On AI-assisted Software Development
It is not every day we get new tools that have the potential to change the very nature of our jobs. If you haven't been following advancements in the AI scene, new Large Language Models (LLM), most notably GitHub's Copilot, Codex, and ChatGPT are beginning to expand on what is possible.
Many others have already shared their opinions[1] on how these tools have improved their productivity and tips and tricks one could follow to get started. So I will not go into that. However, I highly encourage trying these tools for yourself. It is pretty insane to see just how well they work.
For example, I generated this small game using OpenAI's Codex JavaScript Sandbox in under 2 minutes[2]. It is fully interactive and required no human intervention beyond the prompts it was given to execute.

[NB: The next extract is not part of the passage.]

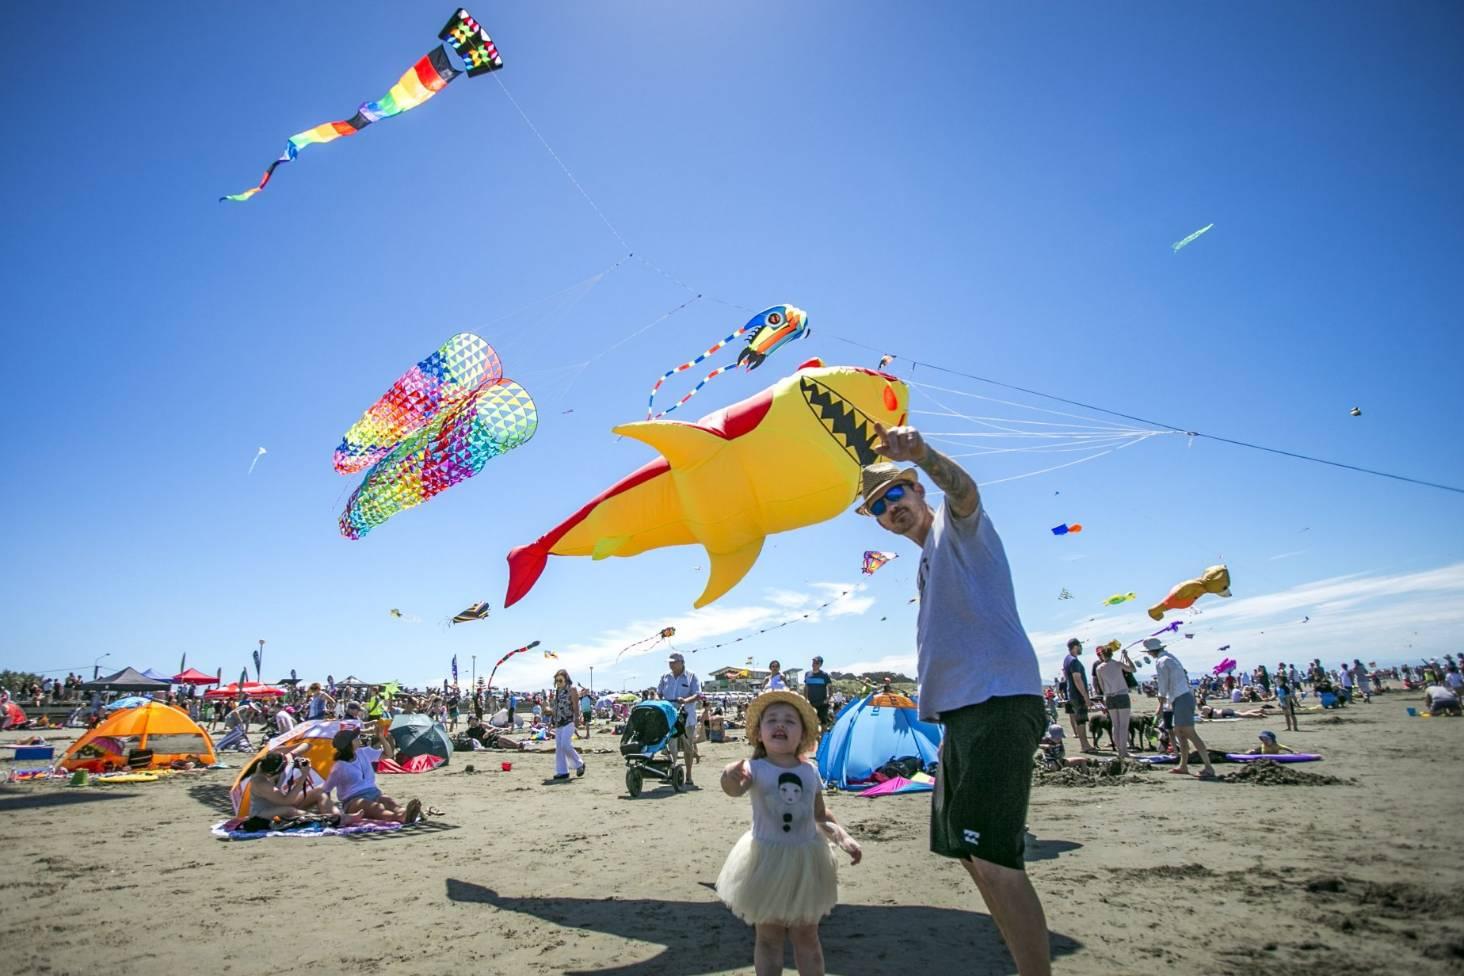 130b8e3f7 Summer scorcher for Kite Day-goers at New Brighton Beach   Stuff.co.nz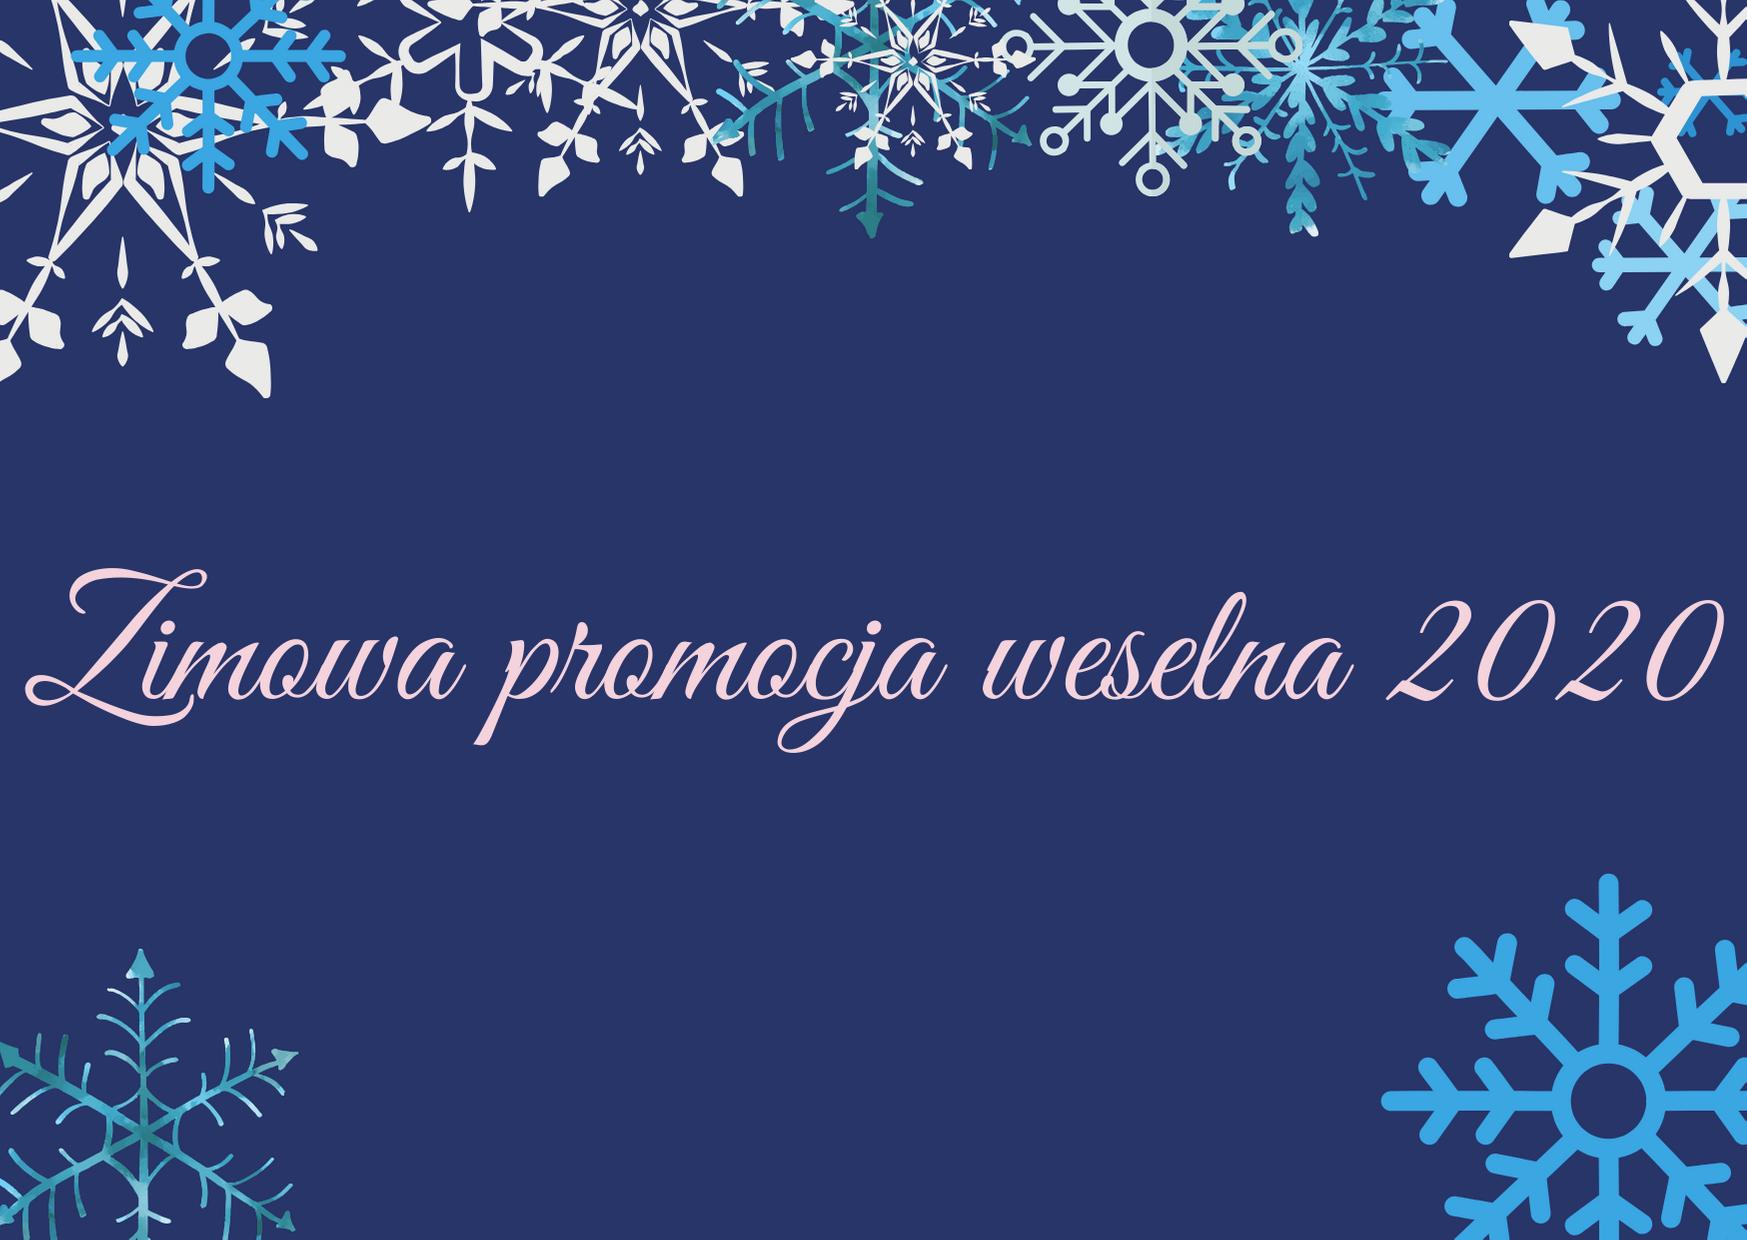 Zimowa promocja weselna 2020

What I do want to focus on is how I think these tools are going to be used. Because the most productive engineers will be the ones that can use these to their full potential. For the rest of this post, I'll focus on both ChatGPT and Github Copilot. They are the most mature options available at the time of writing. I will also be referring to them broadly as AI assistants as they have similar capabilities being descendants of GPT-3 but are primarily distinguished by their respective focus[3] and user interfaces. When prompt-engineered appropriately, Copilot can perform general text completion. You can see this in some limited way by prompting Copilot in a chat-like manner.
// <authors-note>Q:'s were supplied by the author.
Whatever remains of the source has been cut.